Everyday I take a skinny face comb and comb Bianca's face(especially the hair on either side of her nose and mouth)...sometimes she has some crusty that come out in the comb.... Today I was combing and it seemed to get stuck.. so i stopped and kind of wiggled the comb.. not even pulling it thru the hair...however when i cleaned the comb out there was something stuck in it.. it was hard and looked a little like fishing wire.. she didnt yelp or anything.. i picked her up and looked at her and i noticed she had whiskers sticking out and i had never noticed them before. I think i may have pulled a whisker out. There is no redness or sores or anything.. Do you think she will be ok??

janie


----------



## Cosy (Feb 9, 2006)

Yes. I've pulled out a whisker or two when grooming Cosy and Toy's mustaches over the years.
As long as there is no bleeding or sore it's fine. I often trim the whiskers if they stick out farther
that their mustaches.


----------



## sophie (Jul 9, 2006)

I've done the same thing to Sophie and it didn't faze her in the least. She has some serious whisker action going on - even a few growing under her chin?!?. I always wondered if thiat was normal. Hers are very stiff and grow like weeds.

Annie doesn't seem to have whiskers - although I'm sure she does I've just never noticed them before

I'm sure your baby is fine. I would think the ones that come out during combing are loose and about to fall out anyway.

Linda


----------



## The A Team (Dec 1, 2005)

WOW, I did that very same thing yesterday while combing Archie's face! I thought, what the heck?!

But that's all I thought and that was the end of that..... :brownbag: .....it never occurred it may have hurt him. He certainly didn't act like I did something wrong. 

....so I guess we're good. :biggrin:


----------



## CrystalAndZoe (Jul 11, 2006)

I've pulled out several while combing Jett's muzzle over this past year. He's a big baby when it comes to things that 'might' hurt, and didn't make a noise or flinch. I just assumed it was probably ready to come out, like regular hair. But maybe that's not right. Are whiskers a 'life long' hair?

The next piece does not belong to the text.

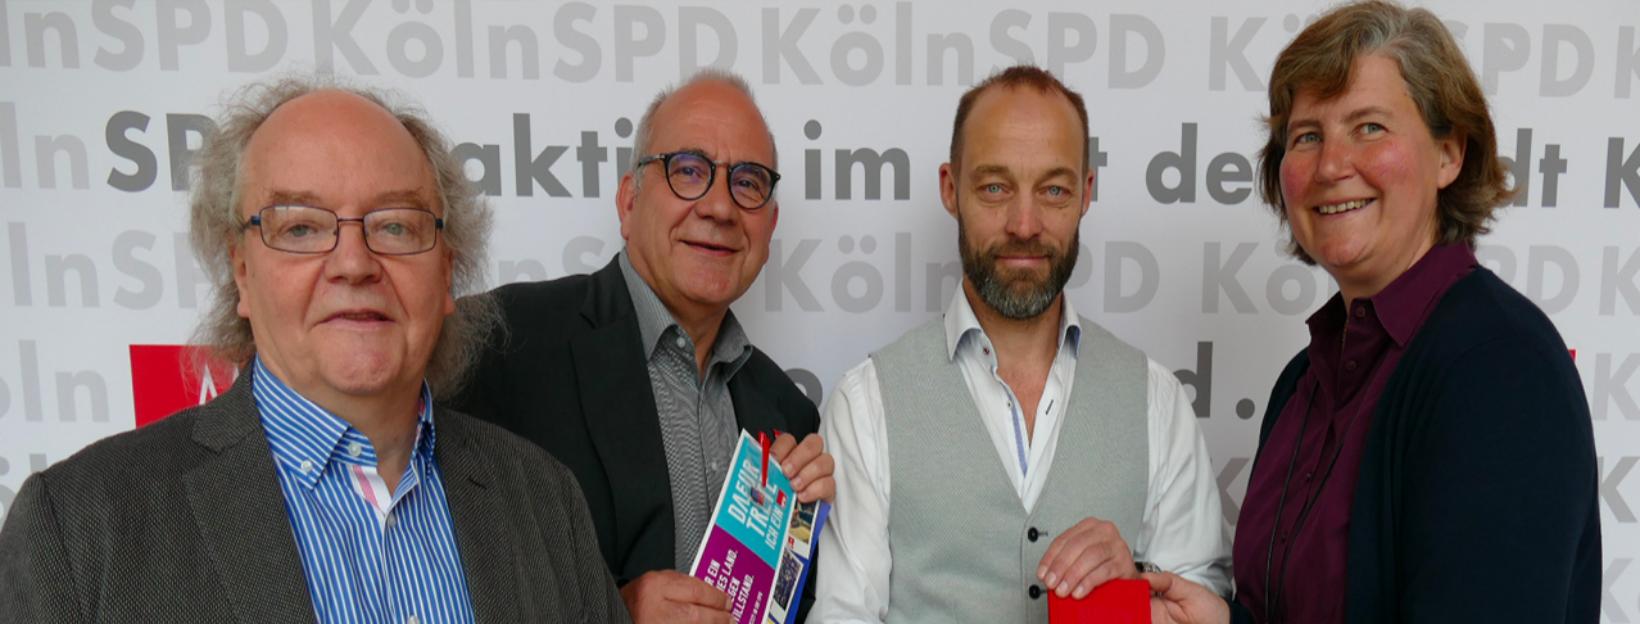 Thomas Hegenbarth verstärkt SPD-Fraktion – im OV Nippes

Thankfully Zoe doesn't have any.


----------



## biancasmom (Jun 24, 2008)

Good to know im not the only one to do this. 

Is it normal for there to be no noticeable whiskers one day and have them all appear the next day?

janie


----------



## oiseaux (Feb 16, 2008)

QUOTE (biancasmom @ Sep 28 2008, 09:00 PM) index.php?act=findpost&pid=642166


> Good to know im not the only one to do this.
> 
> Is it normal for there to be no noticeable whiskers one day and have them all appear the next day?
> 
> janie[/B]


yup, it is. i never see uno's unless one comes out from his face comb after a bath. it doesn't hurt him either.


----------